Итак, левые виги очень скоро утратили свою революционность и стали, по точному определению великого нашего писателя Н. С. Лескова, «постепеновцами». Нужно добавить, что фракция левых вигов боролась против ущемлений гласности, но аргументация их симптоматична. «Чем свободнее могут выражаться мнения, – писал Фокс, – тем менее они могут представлять опасности. Лишь тогда мнения становятся опасными для государства, когда преследования вынуждают его жителей высказывать свои мысли под величайшей тайной».
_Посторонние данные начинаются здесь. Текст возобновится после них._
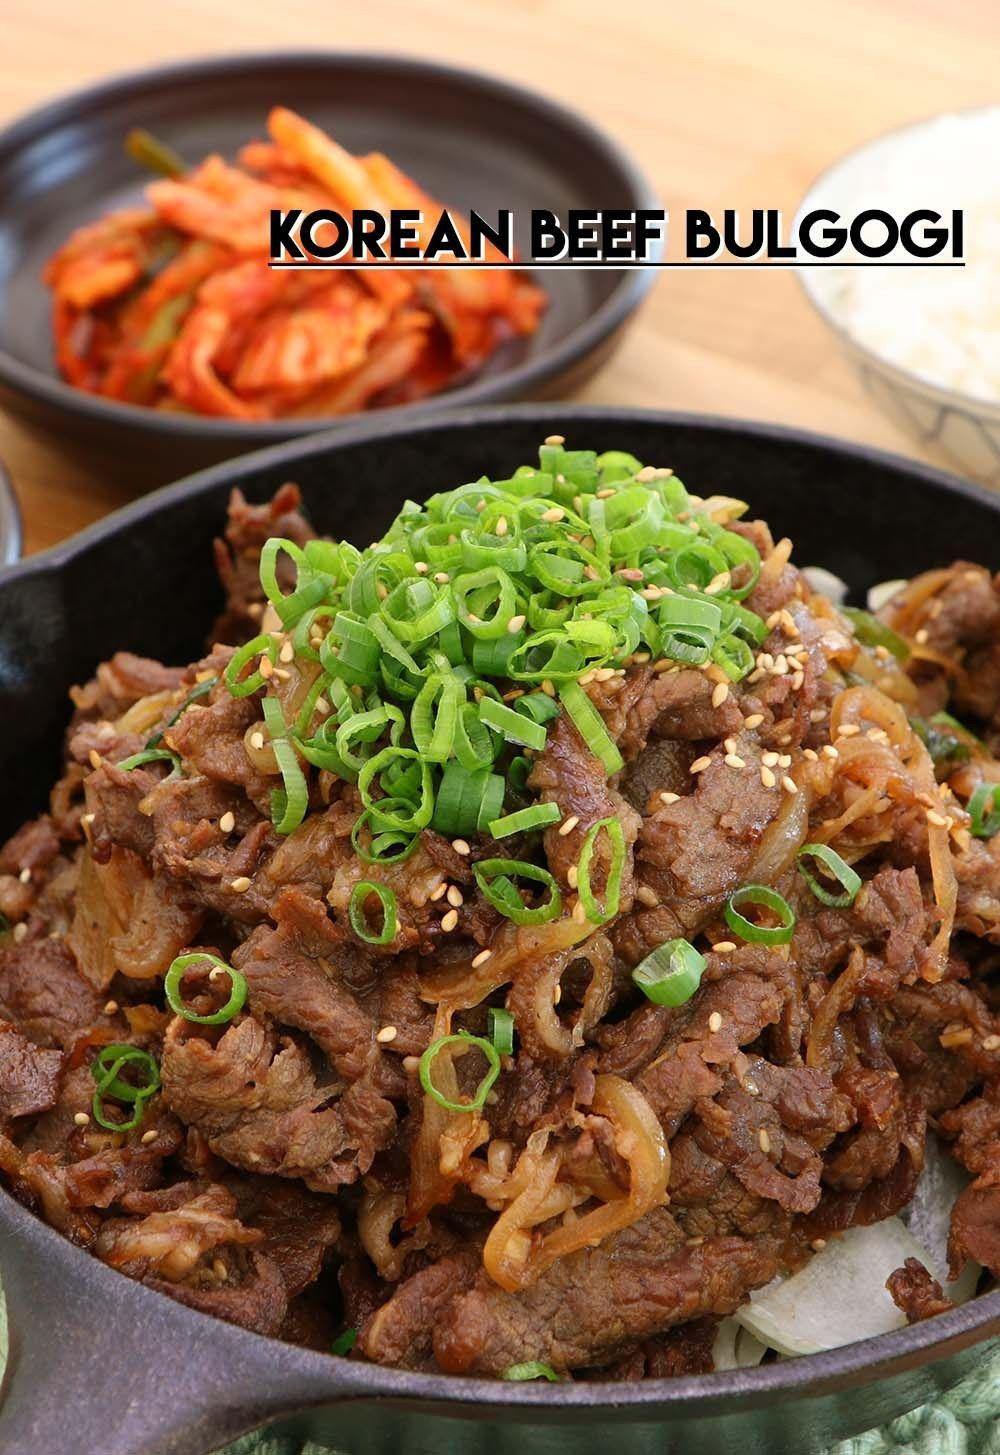 Beef Bulgogi Recipe Video Seonkyoung Longest Recipe Bulgogi Recipe Bulgogi Beef Beef Bulgogi Recipe

Правительство, однако, придерживалось другого мнения, и у него были на то свои резоны: дело в том, что парламентские партии не представляли большинства нации. Еще в 1717 году был принят закон, в соответствии с которым право избирать предоставлялось лишь тем, кто имел не менее 600 фунтов стерлингов годового дохода с недвижимости или 200 фунтов стерлингов от торговых и финансовых операций. Для справки: квалифицированный английский рабочий получал в конце XVIII века 12 – 15 фунтов стерлингов в год.
Неудивительно, что, фактически не имея своих депутатов в парламенте, люди бедные искали возможности высказаться и защитить свои права.
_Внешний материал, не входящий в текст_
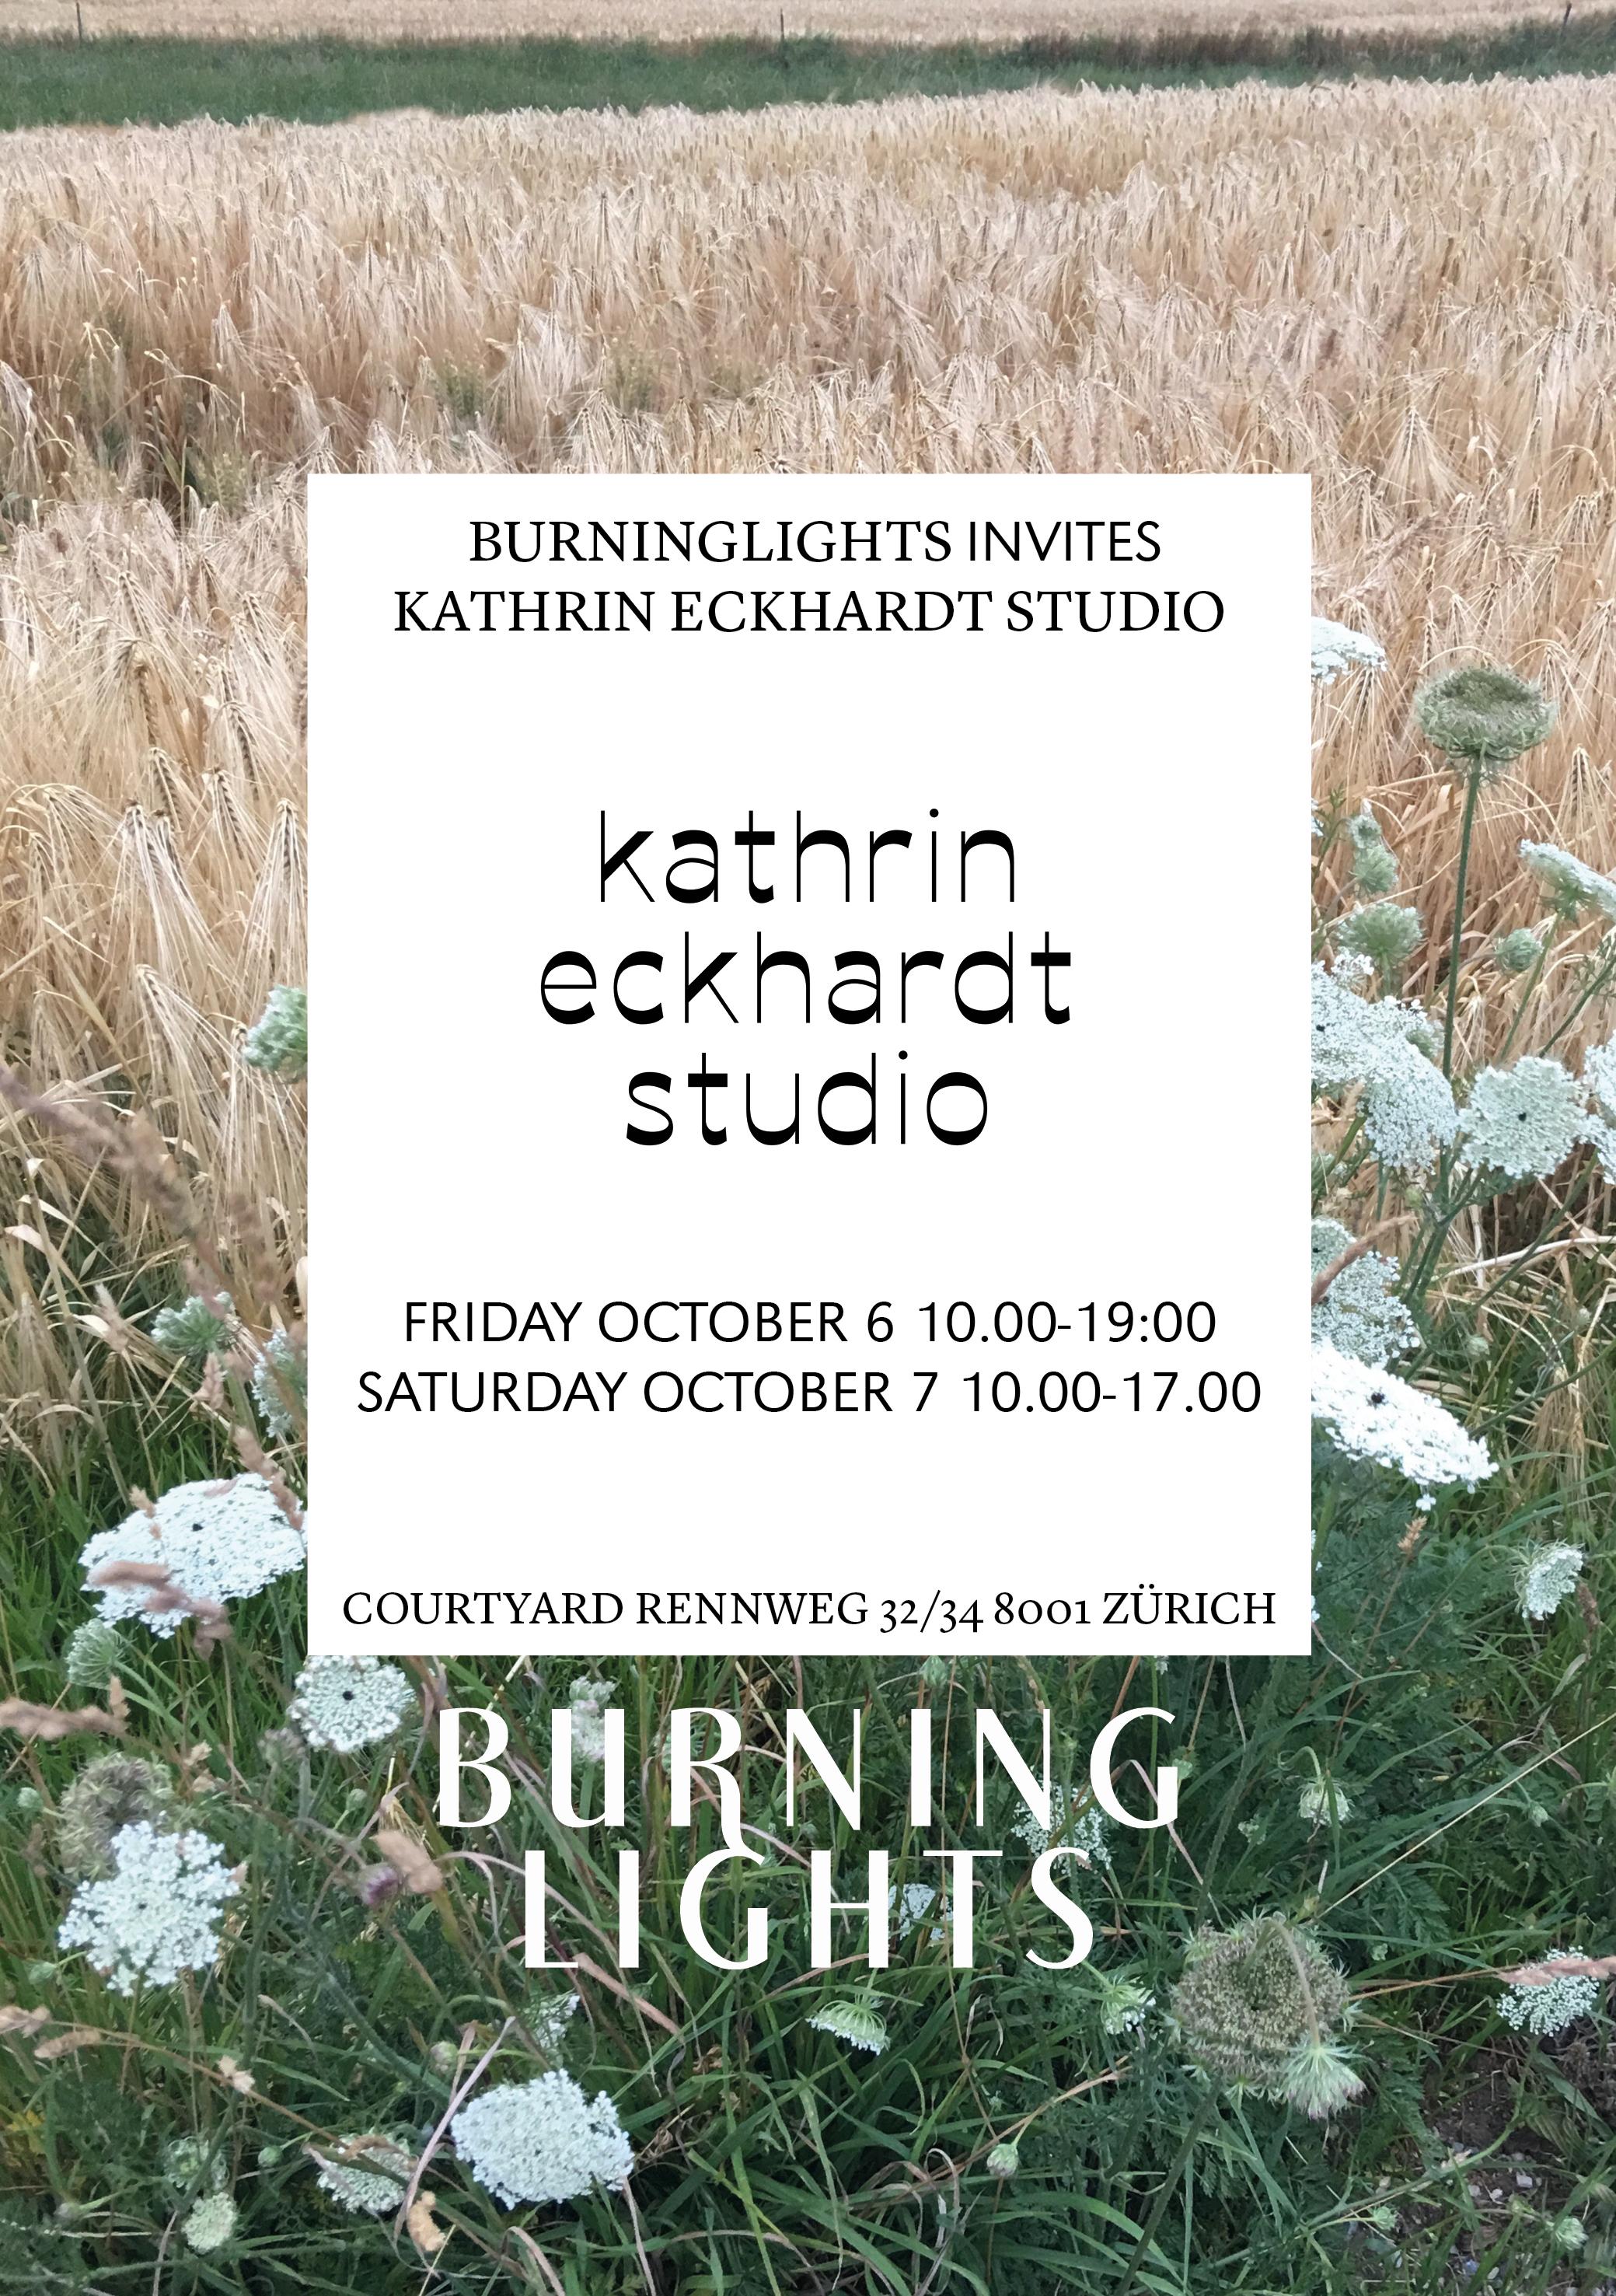 BURNINGLIGHTS_INVITES_KATHRINECKHARDT_OKTFIELD.jpg

Возникали тред-юнионы, начались забастовки, особенно мощные именно в год рождения Шелли.
Это движение неимущих и малоимущих нуждалось в организационном и идеологическом оформлении.
Наиболее значительной их организацией стало Лондонское корреспондентское общество, установившее посредством переписки (отсюда и название) связи с демократически настроенными провинциалами.
Их виднейшим идеологом стал Томас Пейн, в своем трактате, названном «Права человека», не только опровергавший консерватизм Берка («получается, что мертвые у него должны править живыми»), но и выдвинувший политическую программу ломки всего государственного строя.
Их гимном стала песня, в которой Дерево Свободы (любимый в Англии символ Французской революции) рекомендовалось поливать кровью тиранов.
Социальное напряжение росло, и не только поэты чувствовали, что «почва заминирована под ногами» (из письма В. Скотта Р. Саути).
Правительственная коалиция ответила репрессиями. Корреспондентское общество было разогнано, а его вожди – арестованы. Томас Пейн, которому грозило обвинение в государственной измене и, следовательно, смертная казнь, бежал из страны. На титульном листе книги с нападками на Пейна великий поэт Уильям Блейк, писавший тайно даже от друзей – таков был его странный принцип, – сделал надпись: «Защищать Библию в этом 1798 году стоило бы человеку жизни. Зверь и блудница правят безраздельно». Манера выражаться у Блейка всегда тяготела к символам, напоминающим стиль Апокалипсиса, но что он имеет в виду, в общем понятно.
Тогда «четвертое сословие» заговорило по-другому и все более громко: карету короля забрасывали камнями, в доме премьер-министра били стекла.
Проведя в 1793–1795 годах через Парламент ряд законодательных актов, правительство фактически ввело чрезвычайное положение.
Бунты прокатились по стране. В 1797 году восстали военные моряки трех эскадр. Готовилось восстание в Ирландии. Не промедли в этот момент французы с их обещанной помощью ирландцам, и вся дальнейшая история Соединенного королевства могла бы сложиться по-другому. Оба восстания – на флоте и в Ирландии – были подавлены, а руководители казнены. Весы истории качались.
Многие – даже из тех, кто вовсе не желал революции, – были убеждены в ее неизбежности. И теперь то, что она не произошла, иногда кажется чудом.
Может быть, дело в том, что «низы не хотели», но верхи еще могли действовать по-старому и не утеряли воли к тому. Нравится нам это или не нравится, но цитированный автор был специалистом в своей области и дал классическое определение революционной ситуации.
Верхи не утеряли воли к власти и сохранили власть. Парадоксально, но, быть может, тогда это было наименьшим из зол.
Нам-то хорошо глядеть из нашего далека, а тогда это означало: виселицы («Я за то, чтобы всех повесить», – начинал каждую свою речь в Парламенте один из депутатов. Ерничал? Доказывал преданность?). Это означало: тюремные сроки, доносительство, предательство, подрыв душевных сил. «Это было время, – писал публицист Сидней Смит, – страшное для всех, которые, имея несчастье разделять либеральные идеи, были достаточно честны, чтобы не изменить им ради высоких судейских и духовных должностей… Говорить о скандальной медлительности судопроизводства, против жестокости законов об охоте, против деспотизма богачей и страданий бедняков было изменой плутократии, и за это можно было жестоко поплатиться».